Indigenous Night Offers A Moment To Heal Wounds And Celebrate Cultures
The Washington Redskins. The Atlanta Braves. The Kansas City Chiefs. Chief Wahoo -- the now-retired cartoonish mascot of the Cleveland Indians. Professional sports have often used offensive Native American terms or imagery for their team names or mascots. The NBA made an important step to amend those wrongs with an event this weekend in San Antonio.
The San Antonio Spurs hosted Indigenous Night Sunday. It paid homage to San Antonio’s indigenous cultures and native people from around the world.
The Tāp Pīlam Coahuiltecan Nation are descendants of the early peoples of what is today northern Mexico and South Texas.

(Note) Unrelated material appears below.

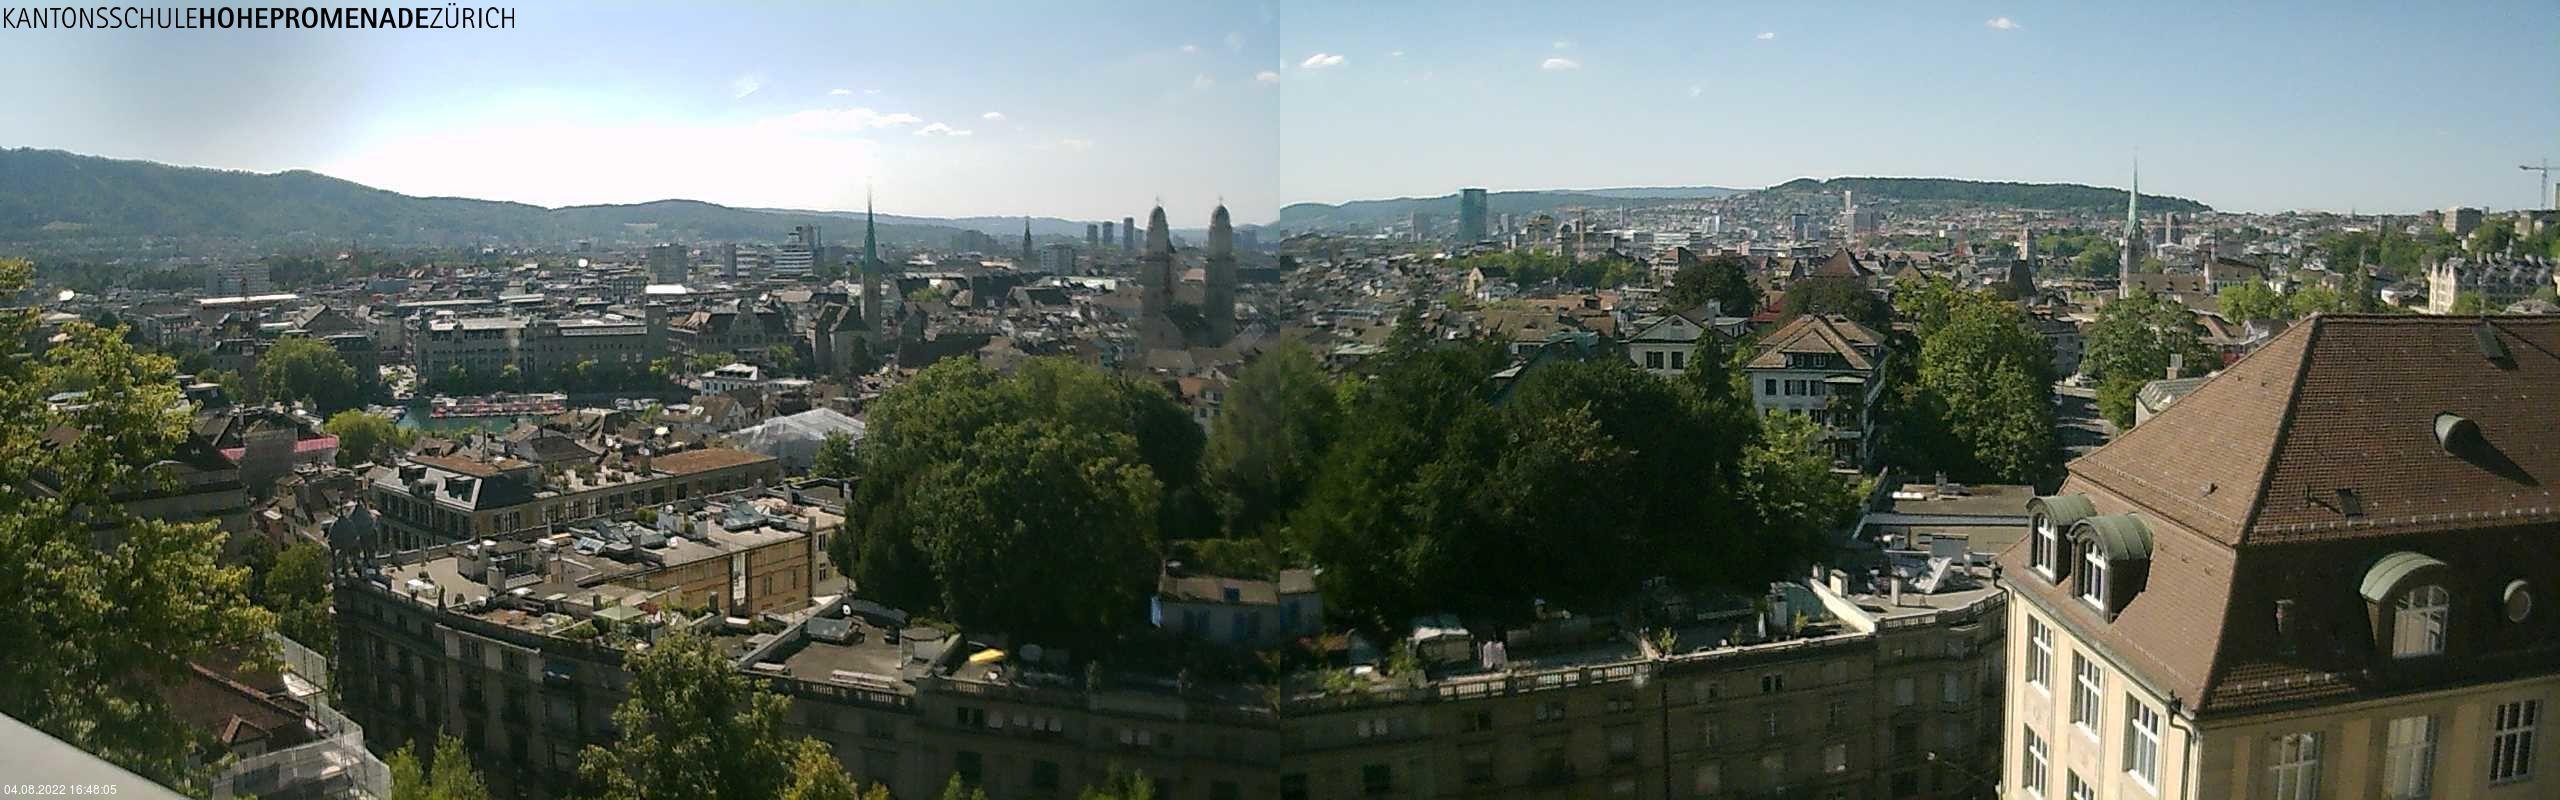 Zürich: Panorama

Ramón Vásquez, executive officer for Tāp Pīlam, said the Spurs are taking a positive first step to heal wounds and start a conversation.

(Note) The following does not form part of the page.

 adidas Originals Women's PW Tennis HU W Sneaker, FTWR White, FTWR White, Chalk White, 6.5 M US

“I think if we had more professional sports organizations that could take the lead where they’re from to provide the education,” Vásquez said, “this is a good opportunity, a good venue to begin to have those conversations. This is a great opportunity to reach a vast amount of people. And it’s a good example of how to do things right.”
The idea for Indigenous Night blossomed a year ago when Spurs guard Patty Mills approached Vásquez and the Tāp Pīlam Coahuiltecan Nation.
Mills is a native of Australia. His father is a Torres Strait Islander, and his indigenous mother was a victim of the infamous Stolen Generations. That’s when indigenous children were taken from their parents and placed in non-indigenous households, from 1905 to 1967.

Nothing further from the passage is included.